What does it mean to jump? Let’s try to get a fix on things by measuring them. How high do you think someone who’s good at jumping is able to jump? How far? How does that vary based on getting a running start or nailing the jump angle or push-off? We know folks who can get themselves up well over a yard in the air, so maybe that’s a good baseline. Of course, there are people with shorter legs, longer legs, different joint placements, a tendency to favor one foot or the other. In every case, we know they have to push themselves forward at some point in the jump, so let’s simulate that by having the player press W to go forward. That’s all, just W, and their legs and feet work automatically like in the real world. They don’t push different buttons to move different feet unless they’re playing QWOP, a game that actually proves the point of this blog post – virtual jumping is more complicated than we think.

To further develop our simulation, let’s add a Spacebar press that makes the character push down off the ground, causing it to push back up on them and propel them into the air. Of course we’ll also need some gravity, so they reach a sensible height and fall back to earth. To make jumping skill-based, we also need to simulate that biofeedback we get from all of our senses when performing any kind of move in the real world. We mimic that input by providing the user with information via UI elements, color coding, sound design and effects, glowy-shit, everything. Now they know if each jump did what they wanted it to and can practice at becoming a better jumper.
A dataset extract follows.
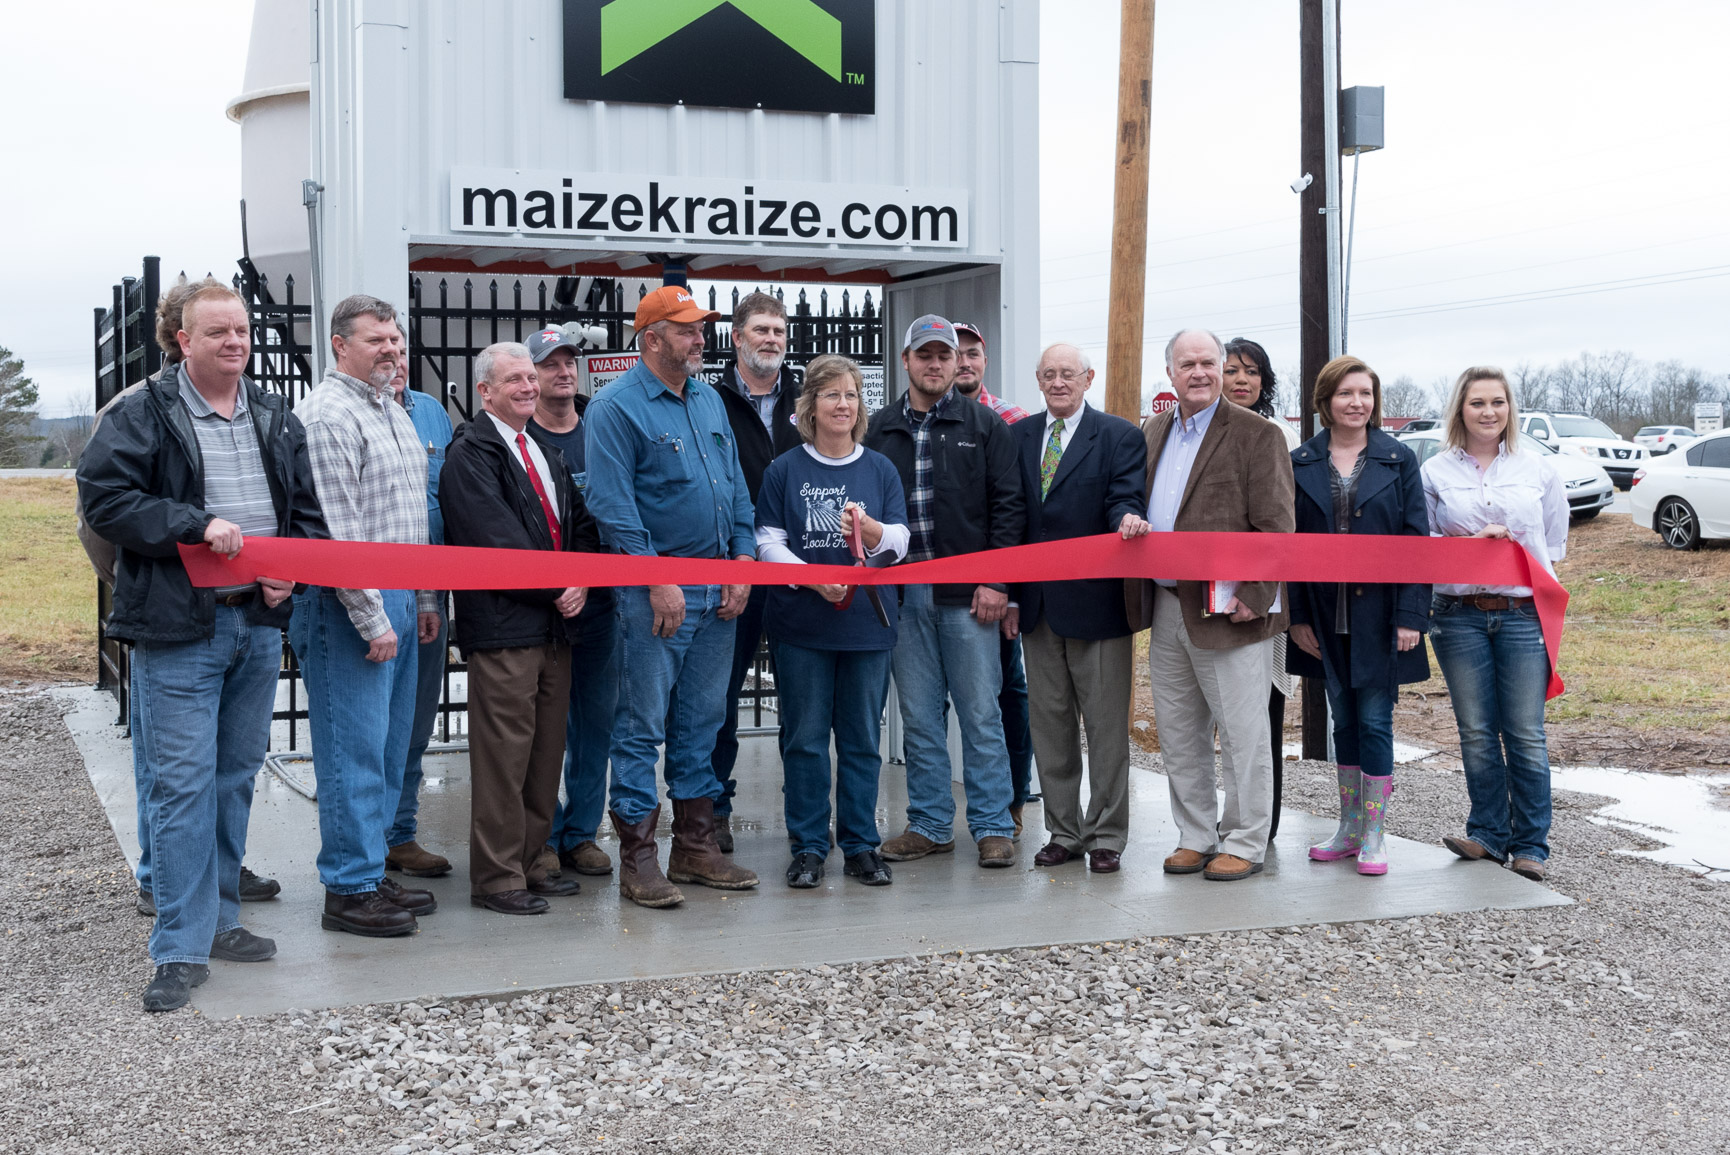 maize kraize ribbon cutting event for self-service corn vending system in Russelville, AL
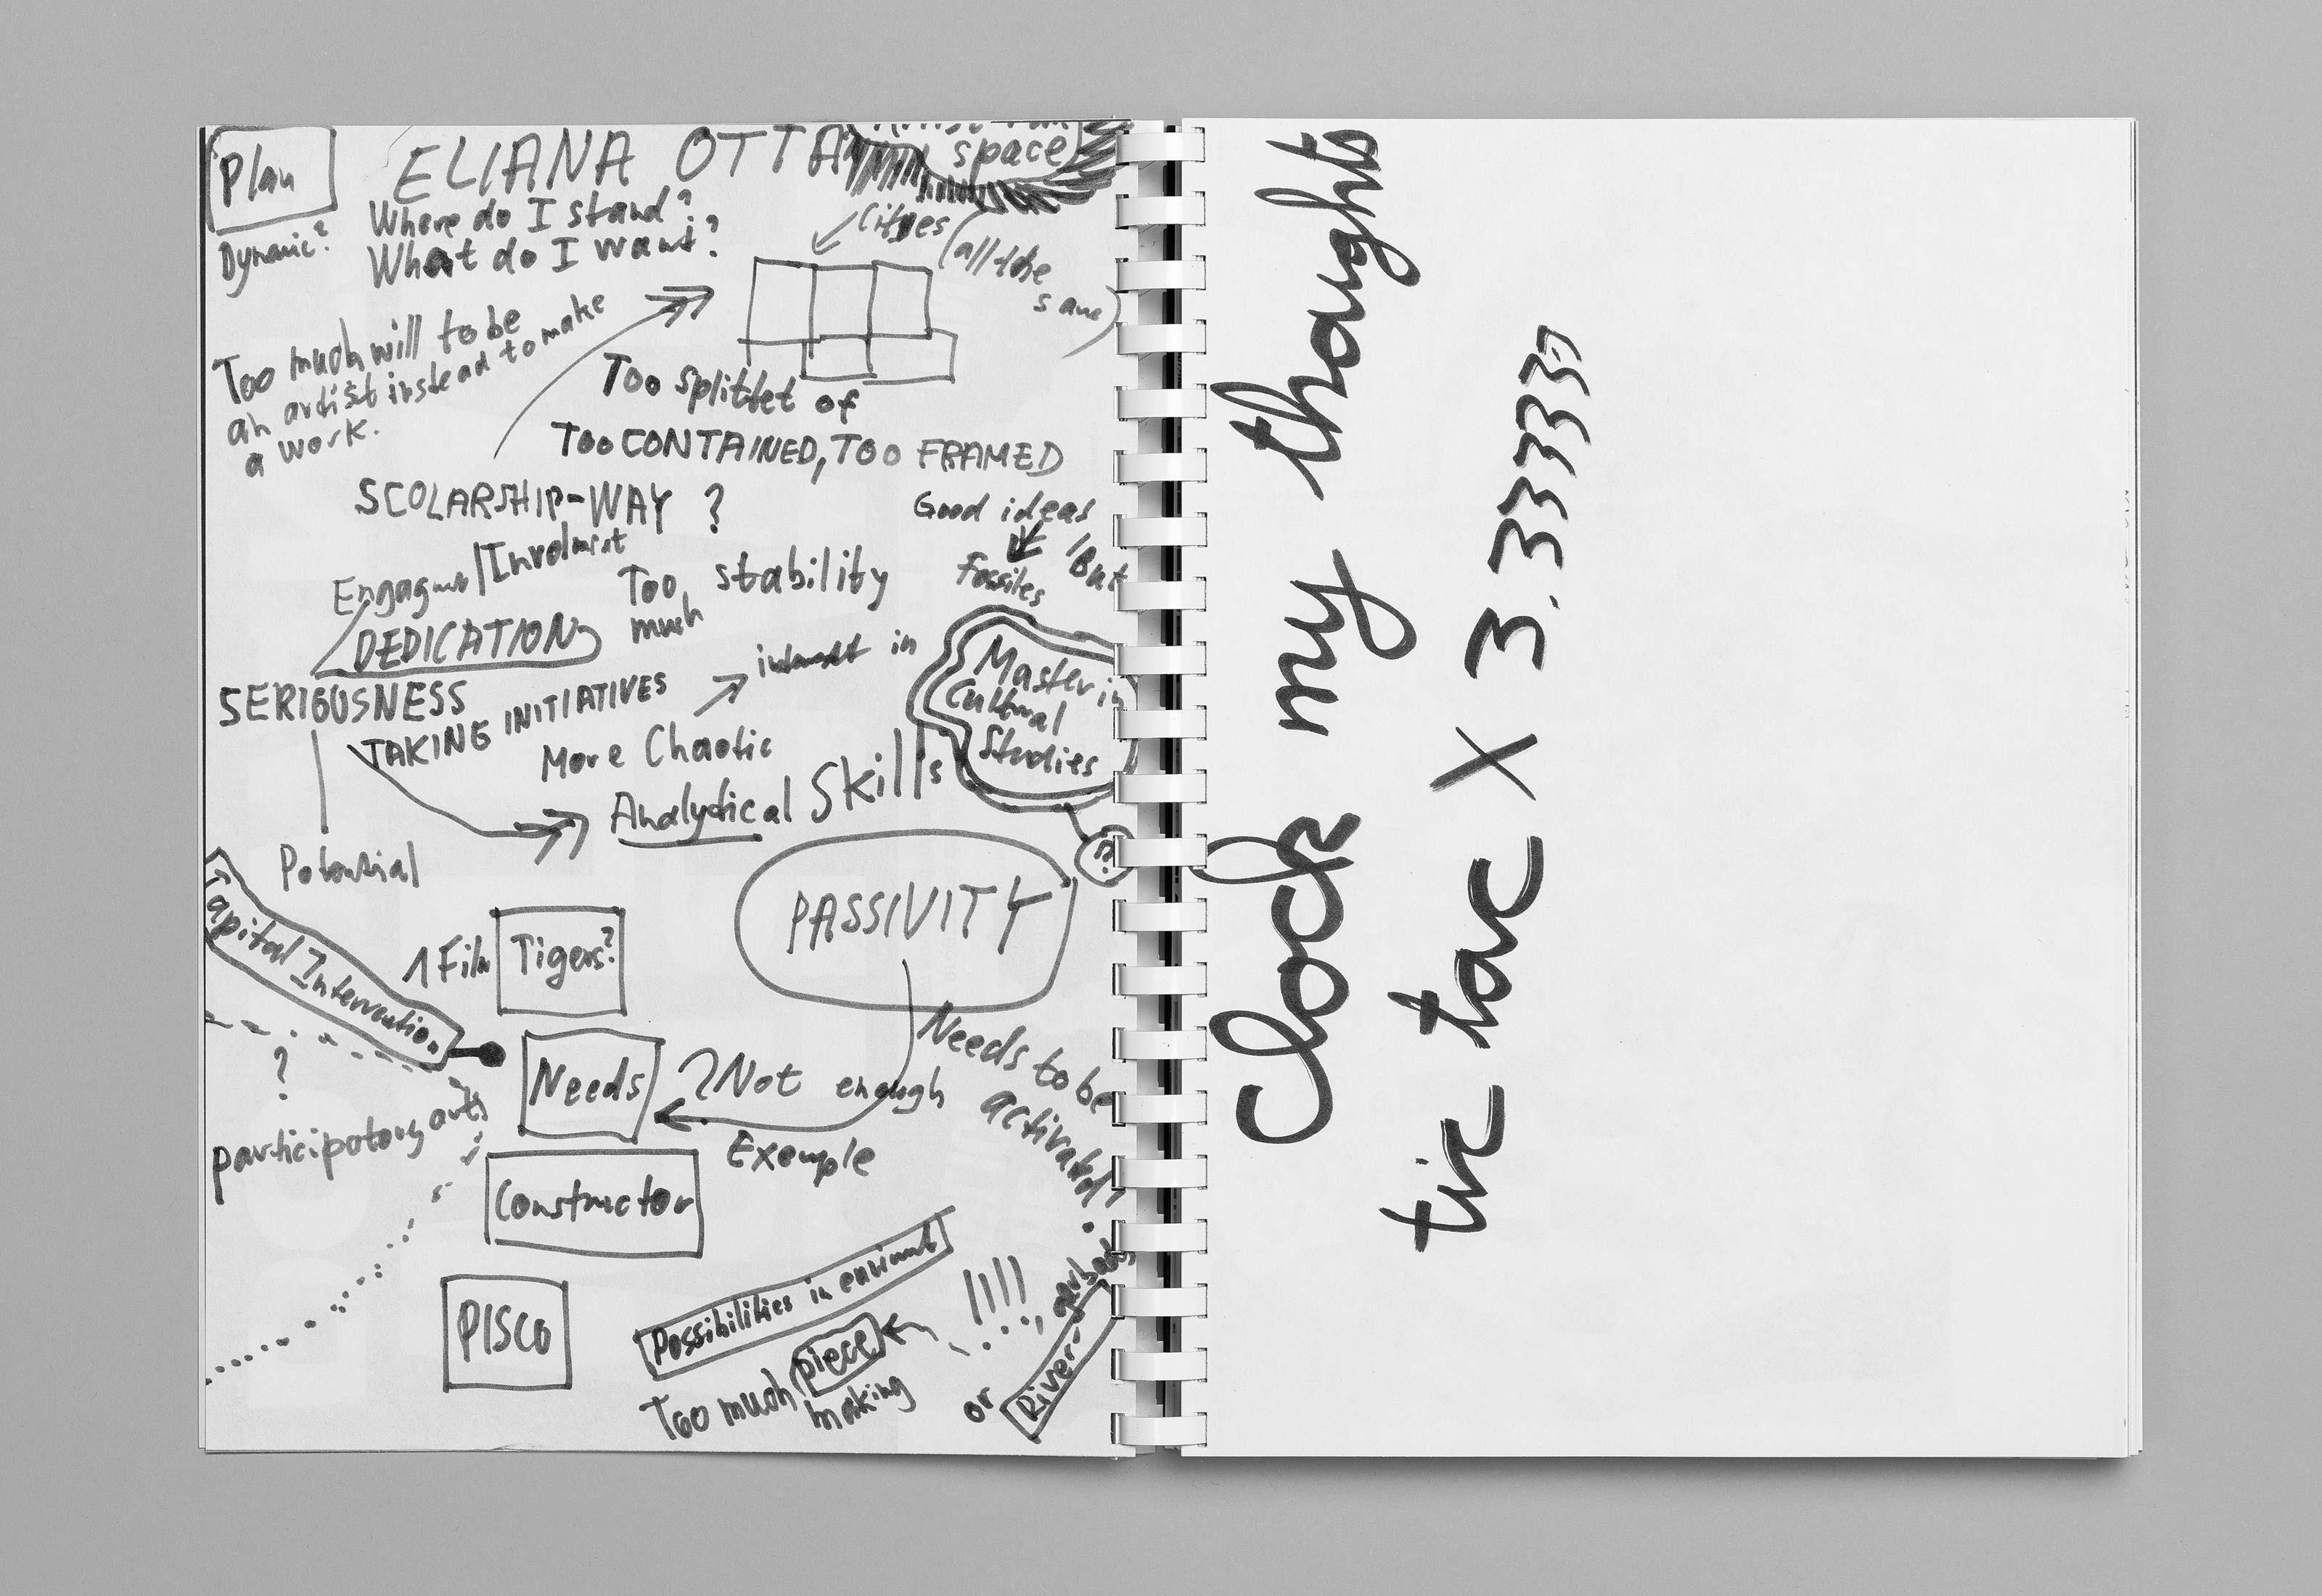 Sommerakademie im Zentrum Paul Klee 2016 – Publikation Thomas Hirschhorn, 02  ©Atelier Pol

Now the system is complex enough to even allow for better jumpers and worse jumpers. Now we have a game.

But jumping in a game can’t be entirely the same as jumping in real life. For example, in real life, as you near an edge you plan to jump from, most people instinctively look down real quick to make sure of the placement of their last step, the push-off. In our games, you won’t do that. We tried it, you won’t enjoy it. It’s not fun. Looking down at your character’s foot briefly before a leap – even gamifying where that foot lands and whether you nail the ledge – not that fun. Then “what does it mean to jump?” also implies a host of artistic decisions. The way you move in a game is, or should be, a bunch of very conscious choices made by the development team. It’s kinda hard to rebuild gaming from scratch, tbh.

Speaking of that moment at the ledge, did you know lots of games gloss over it by making you Wile E. Coyote? Just like that poor hapless bastard, your character model is able to run just a bit past the edge of a cliff and still trigger a jump if they need to. It works to push our brains past that moment of unreality, but it remains, in some sense, unsatisfying and incomplete. We still haven’t fully answered the question: what does it mean to jump?

When you’re about to jump, your body compacts and you become a slightly smaller version of yourself; no one leaps with their legs straight. This primes your joints and muscles to expand again, so you can aim all that energy groundward in a burst and blast off, briefly defying gravity and spitting in the very eye of God. To simulate this aspect of jumping, how about instead of pressing Spacebar you hold it for a semi-arbitrary length of time, and that represents how much oomph you’re putting into each one? Now you can perform a small skip, a light jump, or a huge leap, and build games that require that level of precision and attention to succeed. Mechanics like this invite us into the game, into a moment of focus – into a state of flow.

By taking nothing for granted and rebuilding what it means to jump, to run, to attack, to play, we can use the latest tools to honor the richness and complexity of actual physics, and therefore expand the range of skill growth and satisfaction available to a player. Easy to learn, hard to master, fun to play – that’s what we want Consortium9 games to be. So next time you’re gaming, next time you hit that Spacebar, ask yourself: does this jump mean enough? Could it mean more?

What does it mean to jump? It means going for it. It means energetically moving forward with the trust that you’ll be able to stick the landing. A jump, once undertaken, is something you can’t take back until it’s completed (or unless you’re Prince of Persia circa 2003).

For us, NOR is a big jump. We hope you’ll make it with us.